Al inicio de Familia sumergida, la protagonista, Marcela (Mercedes Morán), surge de detrás de una cortina, dejando atrás una luz cegadora y entrando en la oscuridad, en lo opaco. Hay algunas similitudes entre el poder evocador de una cortina y la ópera prima de la actriz y realizadora argentina María Alché.
Por una parte, se trata de una película difícil de aprehender por completo, que juega a dejar la sensación de que hay algo más, algún secreto familiar oculto, algún pensamiento por decir. La cortina como velo que al mismo tiempo deja ver y oculta la verdad. Por otro lado, encontramos a lo largo de la película la idea del contacto con el mundo de los muertos; la cortina como finísima frontera con el más allá, con la memoria fantasmal de familiares que ya no están.
Familia sumergida fue presentada en el pasado Festival de Locarno y ganó el Premio Horizontes a la mejor película latinoamericana en el Festival de San Sebastián. María Alché, su joven directora, ha aparecido como actriz en películas como La niña santa (Lucrecia Martel, 2004), Ni Dios, ni patrón, ni marido (Laura Maña, 2010) o la española Sexo fácil, películas tristes (Alejo Flah, 2014). La influencia de una tótem del cine argentino como Lucrecia Martel se deja ver en el film de Alché, desde el escenario de familia de clase media hasta un cierto tono espectral.

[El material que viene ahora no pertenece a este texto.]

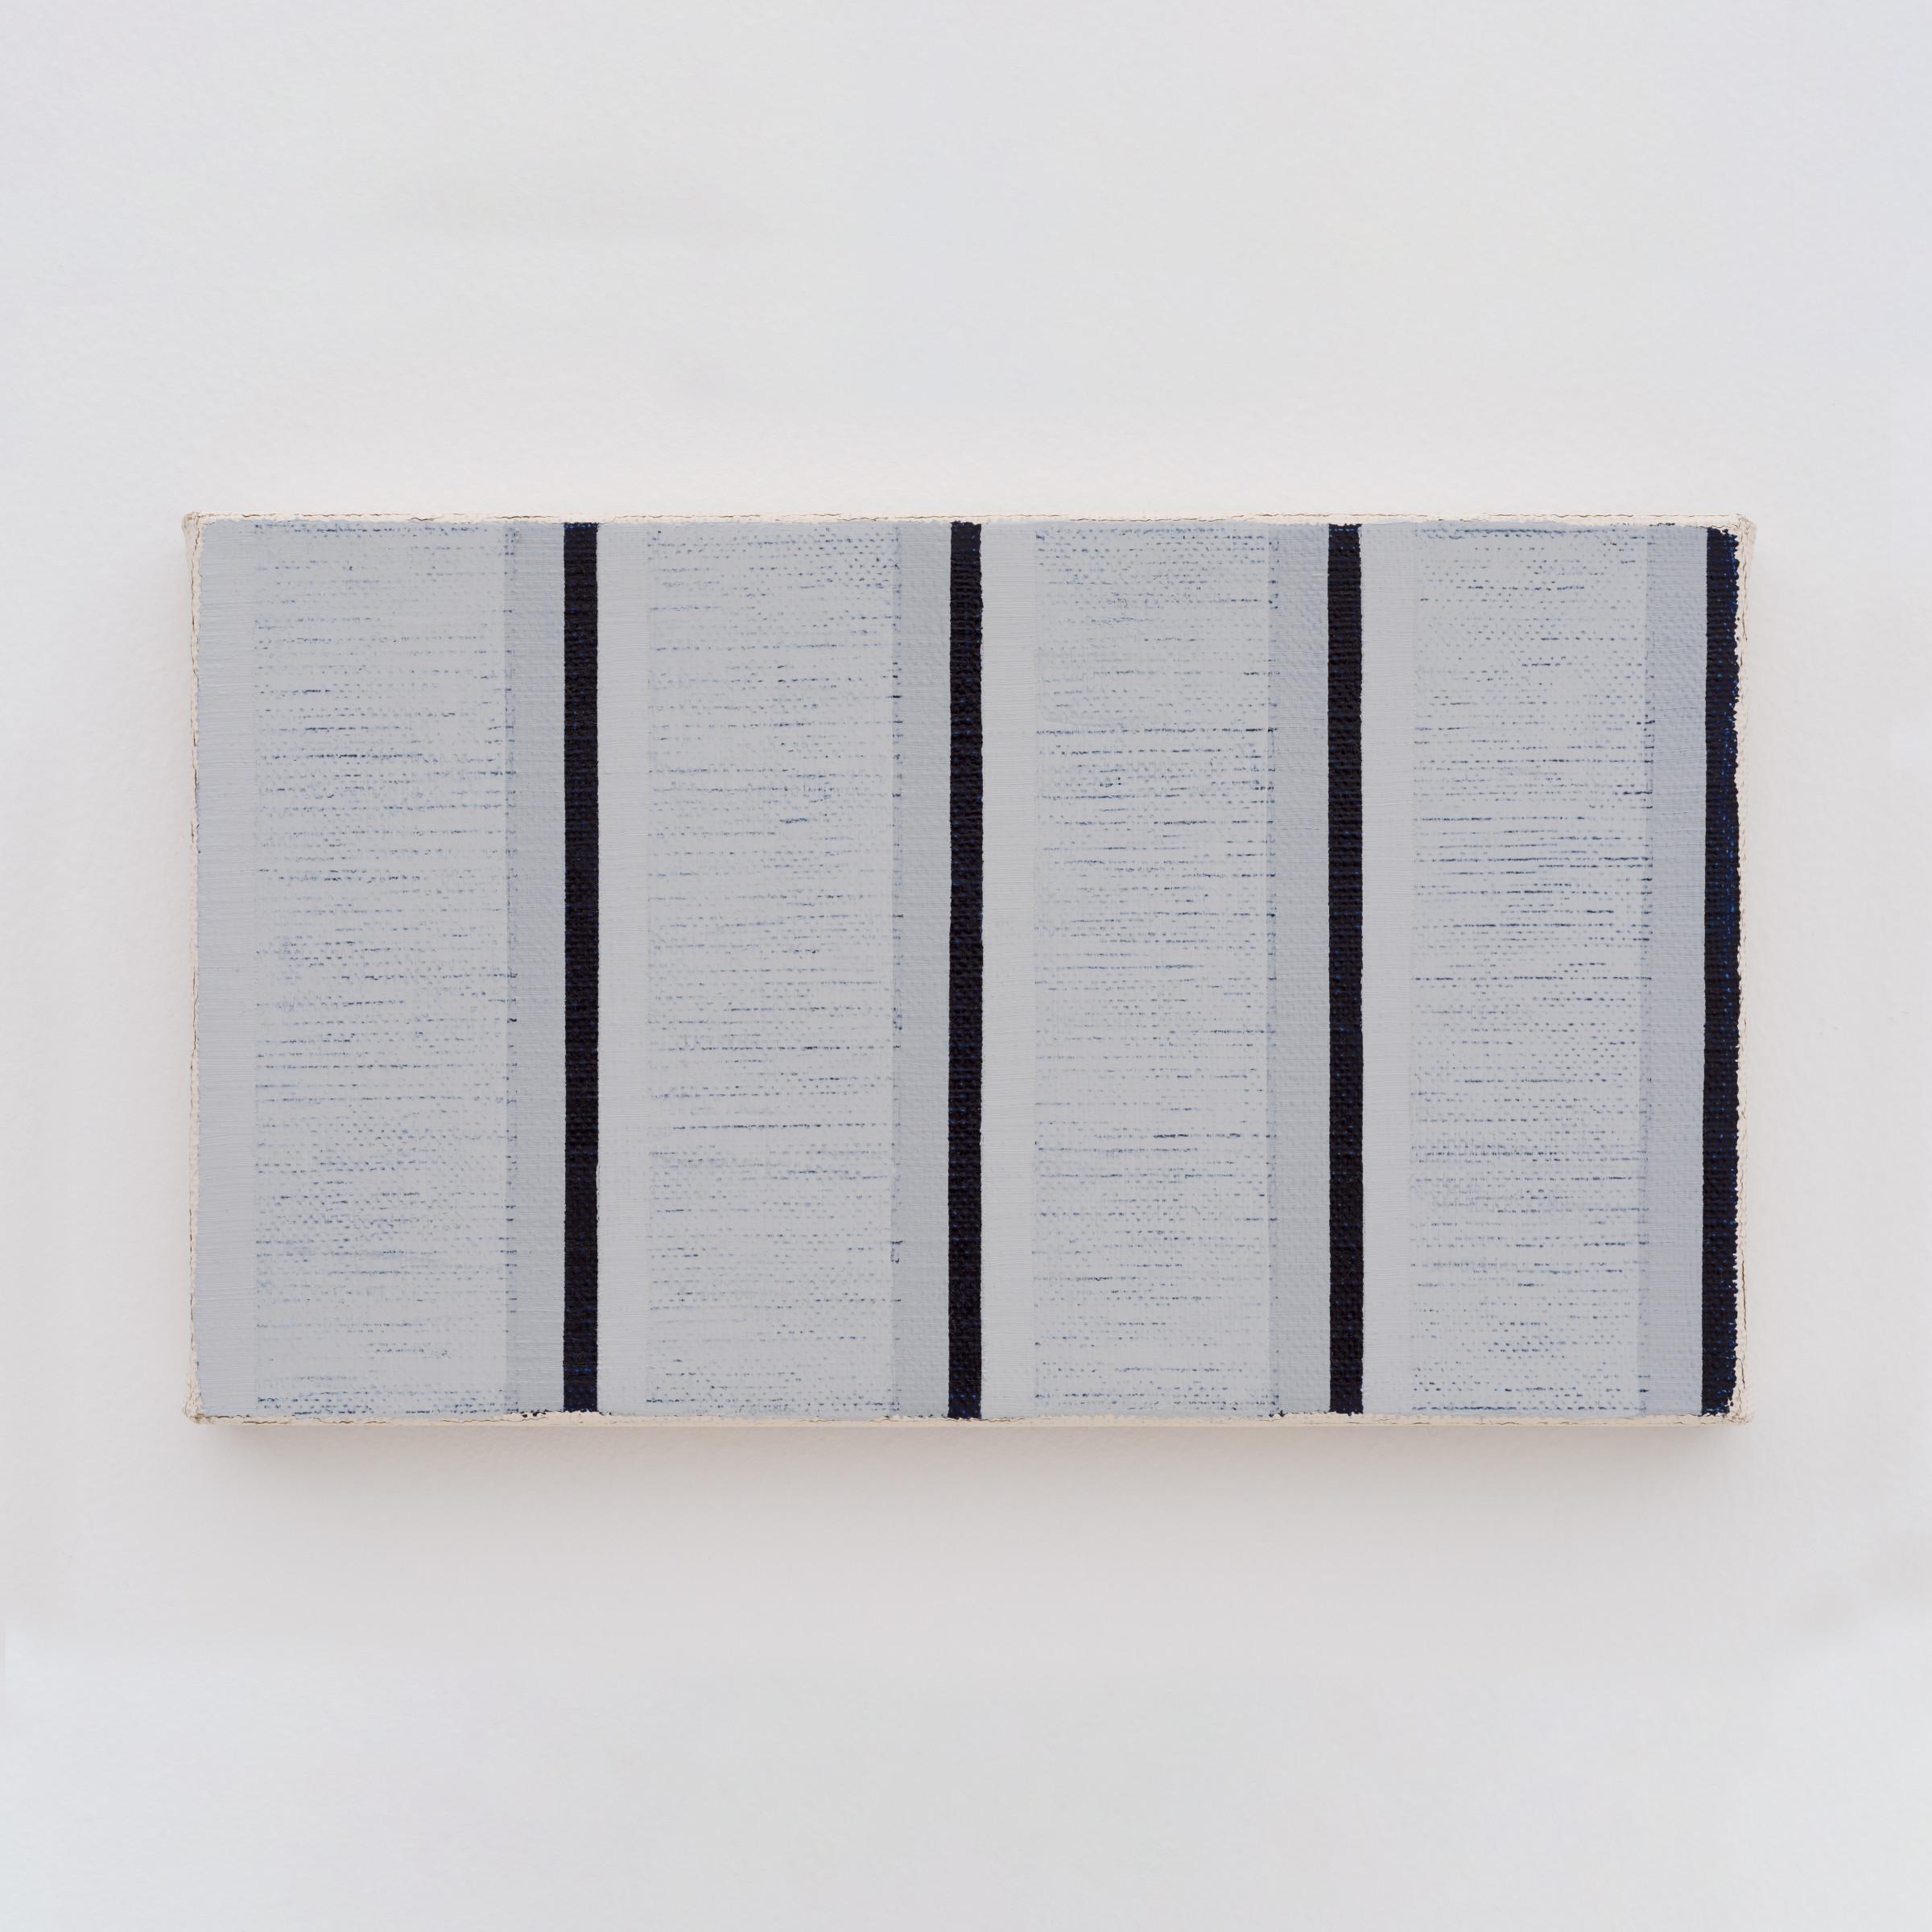 "<span class=""link fancybox-details-link""><a href=""/exhibitions/172/works/artworks16575/"">View Detail Page</a></span><div class=""artist""><strong>Yui Yaegashi</strong></div><div class=""title""><em>white-grey-black No.5</em>, 2019</div><div class=""medium"">oil on canvas</div><div class=""dimensions"">16,5 x 28 cm</div>"

El film inicia tras la muerte de la hermana de Marcela, algo que trastoca las relaciones de ésta con su familia y le obliga a sacar de debajo de la alfombra un buen puñado de recuerdos y deseos ocultos, tanto físicos como mentales. Hay que destacar la gran interpretación de Mercedes Morán, a medio camino entre el rostro de la esfinge, impávido, y la emoción sutil. Su personaje lo podríamos ubicar en medio de una búsqueda, un personaje en tránsito cuando el suelo que había bajo sus pies pierde la firmeza que seguramente nunca tuvo.
Quizás lo mejor y peor de una película como Familia sumergida sea su opacidad. Es cierto que le permite a Alché la creación de imágenes singulares, con el poder de permanecer en la memoria. Escenas como las visiones de la protagonista, o la cena familiar final con baile incluido, no serían lo mismo sin esa turbiedad fantasmagórica, acentuada por un magnífico trabajo con el sonido y la fotografía de una cineasta tan especial como Hélène Louvart (Pina, Le Meraviglie, Petra). Sin embargo, la película puede llegar a desesperar por la falta de asideros, por tener la sensación durante buena parte del film de no saber cuál es la relación entre unos y otros, de no saber qué pasó o por qué, de no saber incluso si lo que sucede en la pantalla es real o una compleja ensoñación.
La película de María Alché es un retrato de la cotidianidad familiar, de los lazos que se rompen o se aprietan, de cómo la genética importa y los giros vitales parecen repetirse de una generación a otra. Pero también es una película que explora la psique de una mujer madura, sus miedos y deseos. Todo ello desde un punto de vista desasosegante en ocasiones, como un estado de duermevela filmado, en el que todo se mezcla y poco se explica.